3. If he will take steps to protect small pharmacies from the effects of the operation of in-house pharmacies established in supermarkets. (292230)

Independent pharmacies play an enormously important part in providing pharmaceutical services to the UK. However, the NHS (Pharmaceutical Services) Regulations treat all providers equally, and we do not intend to change that to discriminate against a particular sector.

The Minister will be aware from the representations of colleagues throughout the House that small pharmacists are an invaluable part of the local community. They are often the cement that keeps a local parade of shops going, for example, in deprived communities such as mine in Nottingham, North. The giant supermarkets are usually most welcome in communities, but does the Minister accept that they also have a tendency to suck in other services, particularly pharmacies, and not to provide the sort of intimate and local service that reaches out into the community? Will he take every possible step to ensure that local pharmacies are encouraged to survive and thrive?

We certainly want local pharmacies both to survive and to thrive. Indeed, the Health Bill, which was before the House yesterday, introduces pharmaceutical needs assessments, which will encourage primary care trusts to ensure that they consider the needs in their area. We know that different parts of the community have different needs. Young mothers who live at home with their children, and older people, sometimes like small locally based pharmacies, while younger men sometimes prefer the less intimate surroundings of a supermarket. There are all sorts of diverse needs to provide for. What we want is a broad range of services and pharmacies, ranging from small traders to multinationals.

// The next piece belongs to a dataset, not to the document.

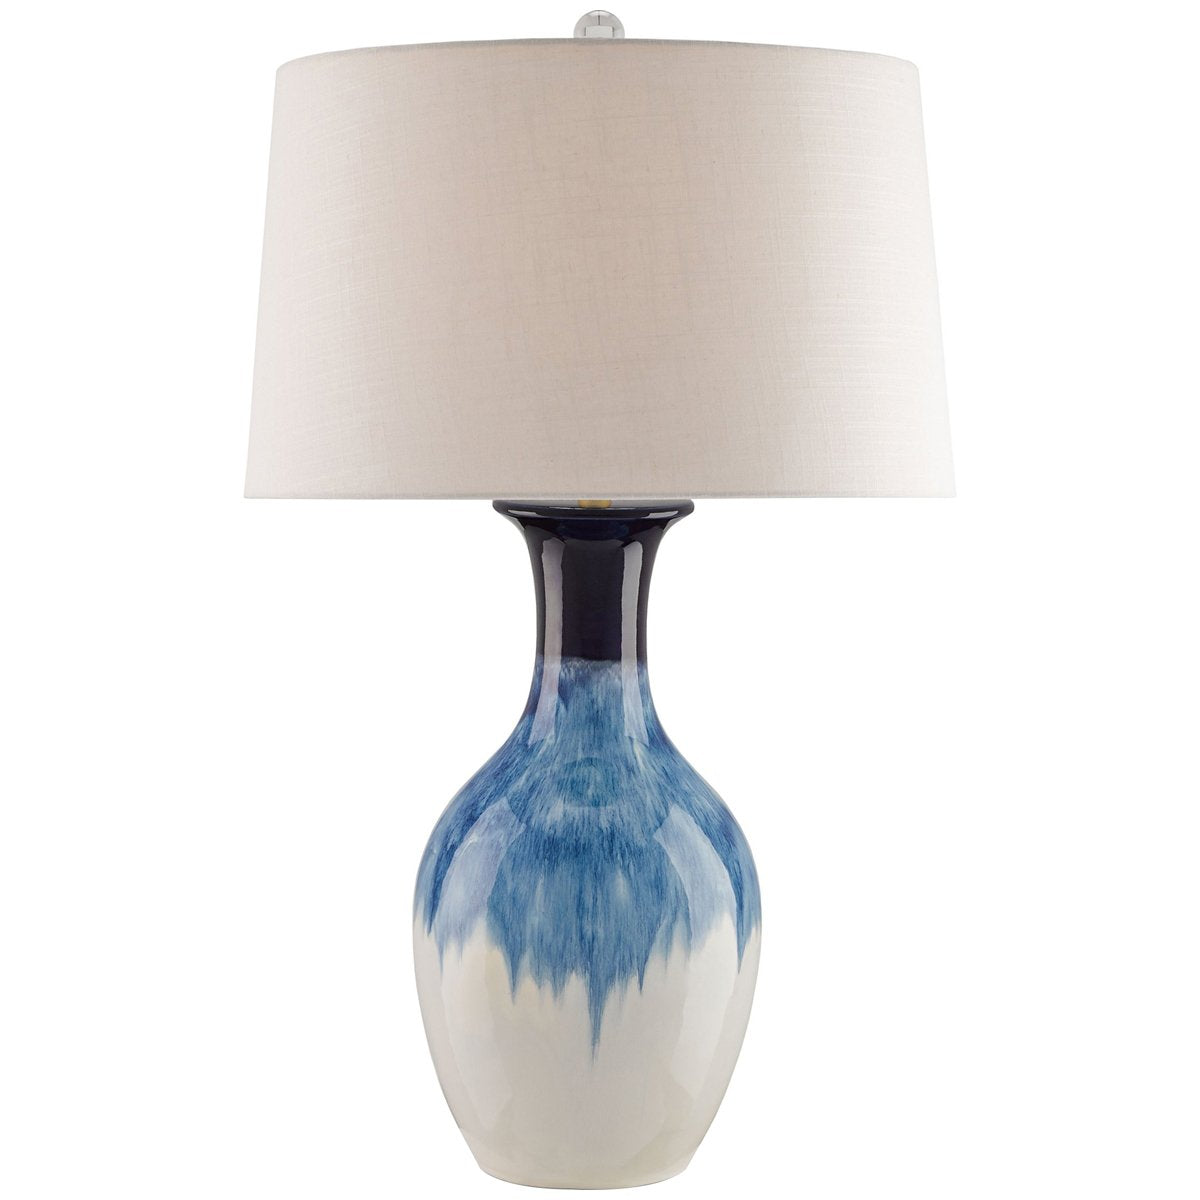 Currey and Company Fete Table Lamp

I have a number of independent pharmacies in towns and villages in my constituency where there are no supermarkets, but supermarkets are not too far away. If those supermarkets suck in some of the customers of the independent pharmacies, we shall see death by a thousand cuts. Some of the ageing population will not be able to get into the major towns, so they will lose an essential place where they can get their medicines. If we do not want to see pharmacies going the same way as the post offices have gone over the past five years, the Government will have to take action now. What action is the Minister prepared to take?

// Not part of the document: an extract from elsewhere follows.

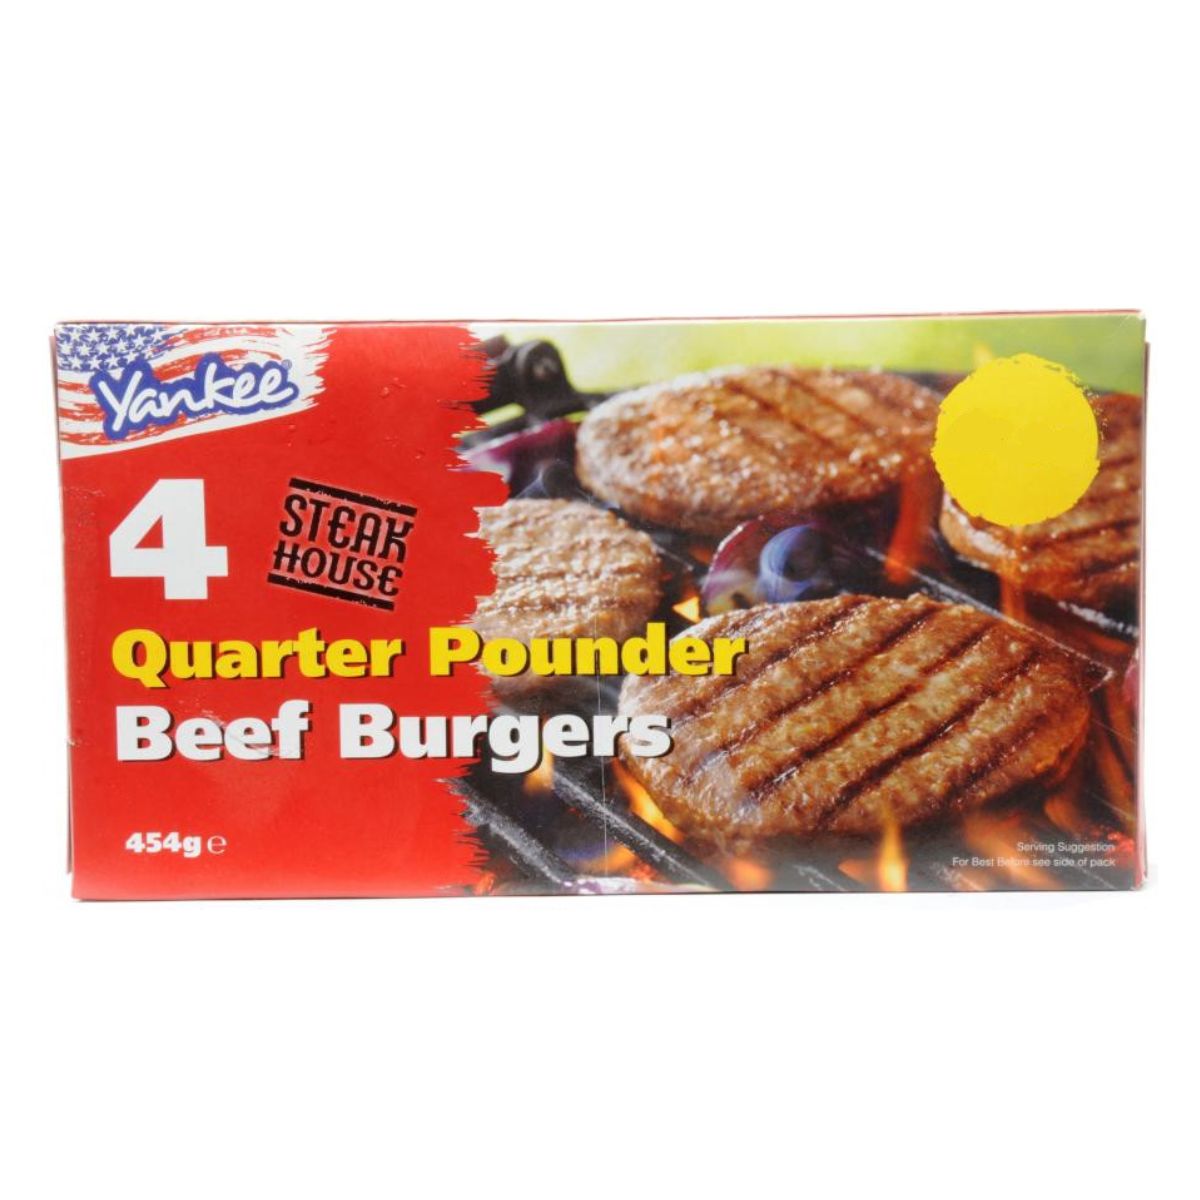 A box of Yankee - 4 Quarter Pounder Beef Burgers - 454g.

Order. I am not saying that the questions and answers are quite of “War and Peace” proportions, but in several cases they have been a bit on the long side, and we need to hasten progress.

I have just said that the Bill before the House yesterday provides action in the form of pharmaceutical needs assessments, so that primary care trusts are able to assess local needs and ensure that they respond to precisely the sort of circumstances that the hon. Gentleman raised.

First, I thank the Medicines and Healthcare products Regulatory Agency for publishing its new guidelines on the sale of codeine-containing products recently. However, will my right hon. and learned Friend admit that the person paying for codeine-containing products at the checkout would not get the same advice in a supermarket containing a pharmacy as they would in the sort of small pharmacy that my hon. Friend the Member for Nottingham, North (Mr. Allen) described?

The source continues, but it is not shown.